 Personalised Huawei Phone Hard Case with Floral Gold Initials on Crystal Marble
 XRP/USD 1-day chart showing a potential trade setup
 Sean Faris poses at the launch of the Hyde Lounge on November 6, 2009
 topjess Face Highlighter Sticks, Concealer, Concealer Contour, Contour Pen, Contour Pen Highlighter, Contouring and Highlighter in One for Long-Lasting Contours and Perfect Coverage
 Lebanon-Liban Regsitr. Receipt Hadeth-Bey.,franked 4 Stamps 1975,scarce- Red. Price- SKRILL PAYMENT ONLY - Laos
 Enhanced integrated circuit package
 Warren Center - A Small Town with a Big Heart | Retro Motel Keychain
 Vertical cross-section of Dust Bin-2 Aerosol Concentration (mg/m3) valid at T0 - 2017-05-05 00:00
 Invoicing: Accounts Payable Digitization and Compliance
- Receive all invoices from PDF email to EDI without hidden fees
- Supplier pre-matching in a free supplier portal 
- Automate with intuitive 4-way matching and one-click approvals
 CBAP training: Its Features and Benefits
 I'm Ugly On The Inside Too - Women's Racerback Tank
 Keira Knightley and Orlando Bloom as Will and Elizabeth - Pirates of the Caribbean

● ● ●

Write out exactly the lines from the one containing "Warren Center - A" through the end of the data, both included. Add nothing else.

* [Solved exercise]
 Warren Center - A Small Town with a Big Heart | Retro Motel Keychain
 Vertical cross-section of Dust Bin-2 Aerosol Concentration (mg/m3) valid at T0 - 2017-05-05 00:00
 Invoicing: Accounts Payable Digitization and Compliance
- Receive all invoices from PDF email to EDI without hidden fees
- Supplier pre-matching in a free supplier portal 
- Automate with intuitive 4-way matching and one-click approvals
 CBAP training: Its Features and Benefits
 I'm Ugly On The Inside Too - Women's Racerback Tank
 Keira Knightley and Orlando Bloom as Will and Elizabeth - Pirates of the Caribbean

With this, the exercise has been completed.